Landmark judgement on environment issue :


Asked to pay residents of Chunnakam Rs.20 mn:
Court applies ‘Polluter Pays’ principle:

In a landmark judgement over an environmental issue in the country, the Supreme Court yesterday ordered Northern Power Company (Pvt.) Ltd which operates a thermal power station in Chunnakam to pay Rs. 20 million in compensation to the residents of the Chunnakam area.

The Court said that the thermal power station has operated in a manner which has polluted groundwater in the area and making water unfit for human use.

The Supreme Court three-judge-bench comprising Justice Prasanna Jayawardena, Justice Priyantha Jayawardena and Justice L.T.B. Dehideniya gave this ruling pursuant to a Fundamental Rights petition filed by Centre for Environment and Nature Studies Chairman Ravindra Gunawardena.

The Supreme Court declared that the respondents have violated the fundamental rights of the petitioner and the residents guaranteed under Articles 12 (1) of the Constitution.

The Supreme Court observed that this is an appropriate case to apply the “Polluter Pays” principle and thereby directed the 8th respondent Northern Power Company (Pvt.) Ltd to pay compensation in a sum of Rs. 20 million to offset at least a part of the substantial loss, harm and damage caused to the residents of the Chunnakam area by the contamination of groundwater in the Chunnakam area and of soil in the vicinity of the 8th respondent’s thermal power station.

The Supreme Court further observed that distribution of this sum of Rs. 20 million among the residents of the Chunnakam area shall be subject to the condition that only the chief occupant of a household is entitled to be paid out of these monies and that the maximum sum payable to one person is Rs. 40,000.

Meanwhile, the Supreme Court observed that court do not think to cease all operations. The Court further observed that the permanent shutting down of the thermal power station would be unwise and also irresponsible in the light of the prevailing need for additional electrical power generating capacity to service the demands of the National Grid.

Accordingly, the Supreme Court permitted the Northern Power Company (Pvt.) Ltd to resume operating its thermal power station provided adequate measures are taken to ensure that doing so would not cause contamination or pollution of the surrounding environs, except as may be permitted by a duly issued Environmental Protection License EPL.

The petitioner accuses the Central Environmental Authority (CEA), the Ceylon Electricity Board (CEB), the Provincial and Local Authorities, the Board of Investment of Sri Lanka (BOI) and the National Water Supply and Drainage Board (NWSDB), who are named as the respondents have failed to enforce the law against the 8th respondent Northern Power Company (Pvt.) Ltd and also failed to stop the 8th respondent polluting groundwater and further failed in their duty to act in the best interests of the public.

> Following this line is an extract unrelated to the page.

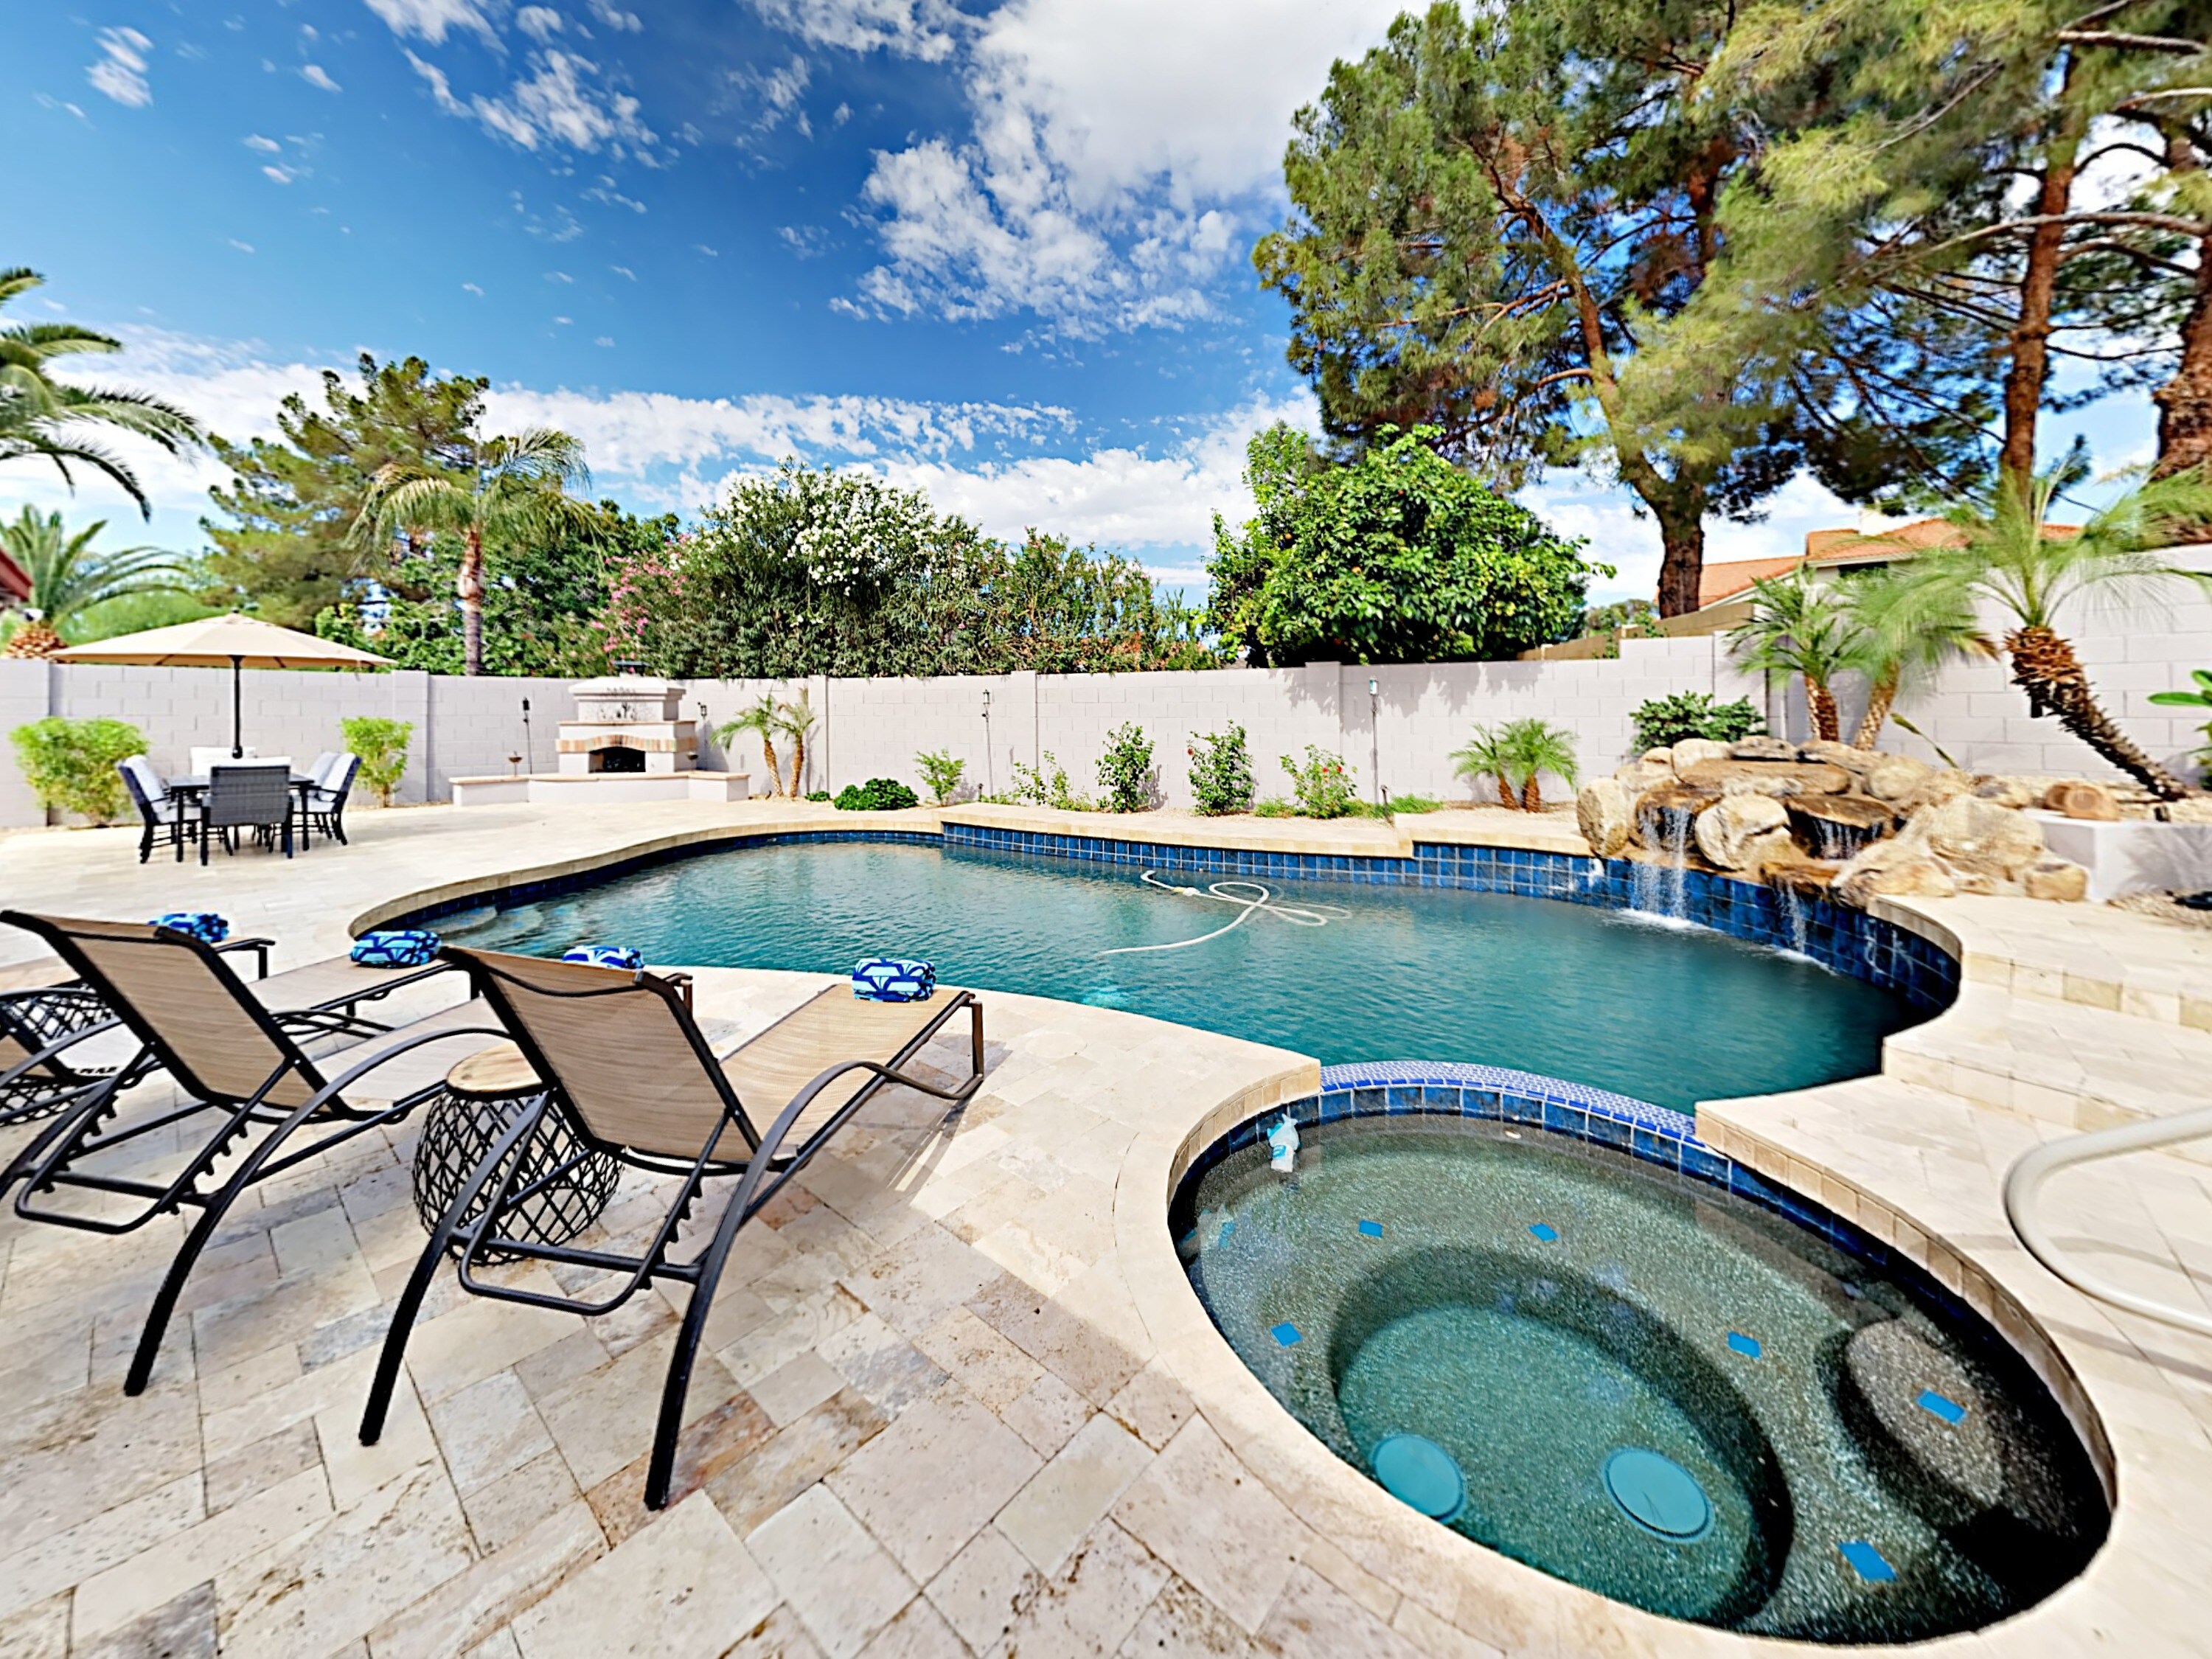 Welcome to Scottsdale! Your rental is professionally managed by TurnKey Vacation Rentals.

However, the respondents denied these charges. They say that electricity services in the Jaffna peninsula had been disrupted during the war and that, while the war was underway, the 8th respondent commenced constructing its thermal power station in 2007, in order to provide electricity to the residents of the Jaffna peninsula.

The respondents further said that this thermal power station commenced its operations in 2009 and that, as soon as conditions permitted after the end of the war in 2009, the respondents have taken adequate measures to ensure that the 8th respondent’s thermal power station does not cause pollution.

In this petition, the Central Environmental Authority Chairman, the Ceylon Electricity Board (CEB) Chairman, the CEB, the Northern Province Chief Minister, the Minister of Environment in the Northern Province, Northern Power Company and the Attorney General as respondents.

The petitioner stated that massive environment pollution occurred due to the power generation project carried out by the Northern Power Company in the area of Chunnakam in the Jaffna peninsula.

The petitioner further stated that water resources in the Jaffna peninsula had been contaminated due to the wastage of the power generation project. He further stated that no Environment Impact Assessment (EIA) had been taken or a proper EIA had been carried out prior to the commencement of the project by the respondent Northern Power Company.

The petitioner finally sought an Interim Order staying the functions and the power generation of Chunnakam powerhouse until the final determination of the application.

Counsel Nuwan Bopage with Chathura Weththasinghe appeared for the Petitioner. Dr. Avanti Perera, SSC appeared for the 1st to 4th, 9th, 10th and 11th Respondents. K. Kanag-Isvaran, PC with L. Jeyakumar instructed by M/S Sinnadurai Sundaralingam and Balendra appeared for the 5th Respondent. Dinal Phillips, PC with Nalin Dissanayake and Pulasthi Hewamanne instructed by Ms. C.D. Amarasekera appeared for the 8th Respondent.